Friday, July 10, 2009

Should I Intersect or Except?

Two very useful functions were introduced, in SQL Server 2005, Intersect and Except.  These two functions can greatly limit the amount of coding required to find the differences or similarities between two result sets.  Let’s start with the Except operator.  Except returns the distinct values from the left query that do not exist in the right query.  When I say left and right query I am referring to the position of the query in relation to EXCEPT.  Take a look at the example below.  In this example, the table 1 query is to the left and table 2 is to the right.  This means the result will include all the rows from table1 than do not exist in table2.

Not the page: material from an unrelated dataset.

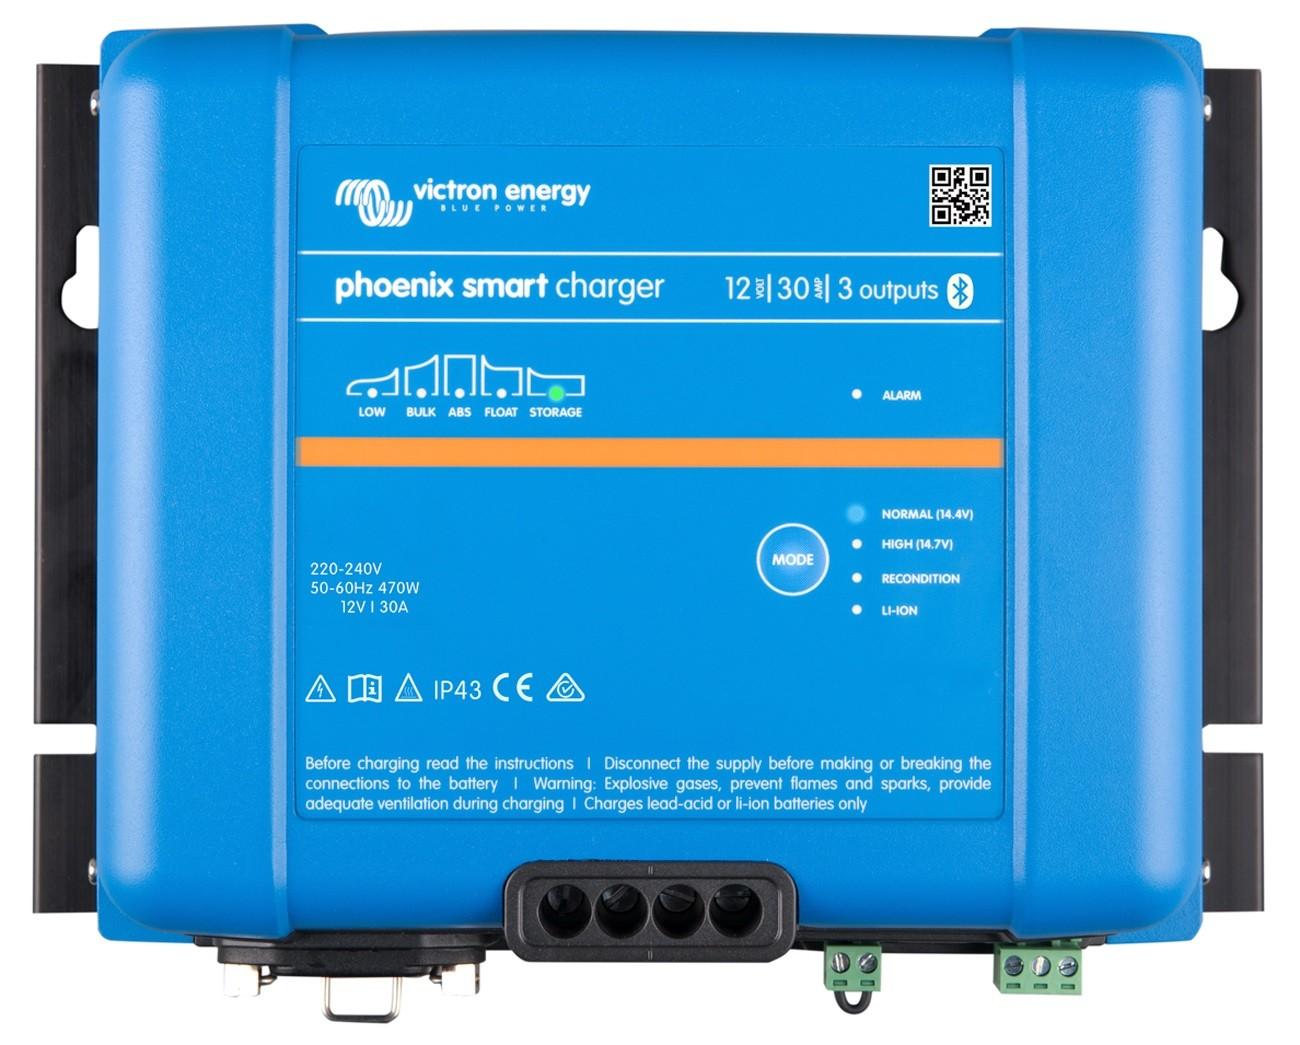 Controlador de Carga (Carregador) de Bateria Náutico Victron Phoenix Smart IP43 12V 30A para Barcos e Lanchas

SELECT * FROM Table1 EXCEPT SELECT * FROM Table2

You are probably thinking okay…, but how can this help me?  I believe the best way to demonstrate the behavior is through example.  Let’s start by creating test tables.

DECLARE @t1 TABLE(
id INT,
col CHAR(1)
)
 
INSERT INTO @t1 VALUES (1,'a');
INSERT INTO @t1 VALUES (2,'b');
INSERT INTO @t1 VALUES (3,'c');
INSERT INTO @t1 VALUES (4,'d');
 
DECLARE @t2 TABLE(
id INT,
col CHAR(1)
)
 
INSERT INTO @t2 VALUES (1,'a');
INSERT INTO @t2 VALUES (2,'b');
INSERT INTO @t2 VALUES (4,'d');
INSERT INTO @t2 VALUES (5,'e');

Now, we can test.  In this example we will use the same logic that we presented earlier. 

--use EXCEPT
SELECT 
    *
FROM @t1
 
EXCEPT
 
SELECT *
FROM @t2

The results are as follows:

image

The results is only id =3, col=’c’ because this row is the only row that existed in @t1 that did not exist in @t2.  This example may not seem like it saves you a lot of coding,  but imagine how many statements you would need to check each column, especially when the table has lots of columns. Now let’s expand the example to show distinct values, in both tables.  So how do we get the distinct rows, for each table?  If you said, use two except operators, you are correct.  We can simply reverse the left and right queries to change the logic such that we get the distinct rows from @t2.  We will use the Union all operator to append the results together, so that we get one final result set of rows and the table they exist in.

--use EXCEPT
SELECT *
FROM(
    SELECT 
        't1' AS tbl,id,col
    FROM @t1
 
    EXCEPT --orginal except
 
    SELECT 
        't1' AS tbl,id,col
    FROM @t2
 
    UNION ALL
    
    SELECT 
        't2' AS tbl,id,col
    FROM @t2
 
    EXCEPT –reverse the except logic
 
    SELECT 
        't2' AS tbl,id,col
    FROM @t1
) AS a    

Results:

image

Now lets move on to the Intersect operator.  Intersect does what the name implies. Intersect returns all the rows where the query results match between the left and right queries.

Let’s see it in action:

--use intersect
SELECT 
    *
FROM @t1
 
INTERSECT
 
SELECT *
FROM @t2

image

The rows returned show all the values that exist in both query result sets.  This is a very quick and easy way to get like values.  The alternative to using the intersect method is to use a predicate that contains every column in the table, as shown below.

--use join
SELECT 
    t1.*
FROM @t1 t1
INNER JOIN @t2 t2
    ON  t1.id = t2.id 
    AND t1.col = t2.col

You may be thinking that this does not look so bad, which I can agree with; however, what happens when your queries has 10 or more columns?  Can you imagine having to scale this code to work with 20 filters.  I just think it is a lot easier to use intersect for this, oppose to hand coding the predicate. One could argue that checksum is a valid alternative.  Checksum can be a good alternative; however, it prevents an index from being used, so I would  be a little apprehensive to use it, especially if you are implementing the solution in a production environment.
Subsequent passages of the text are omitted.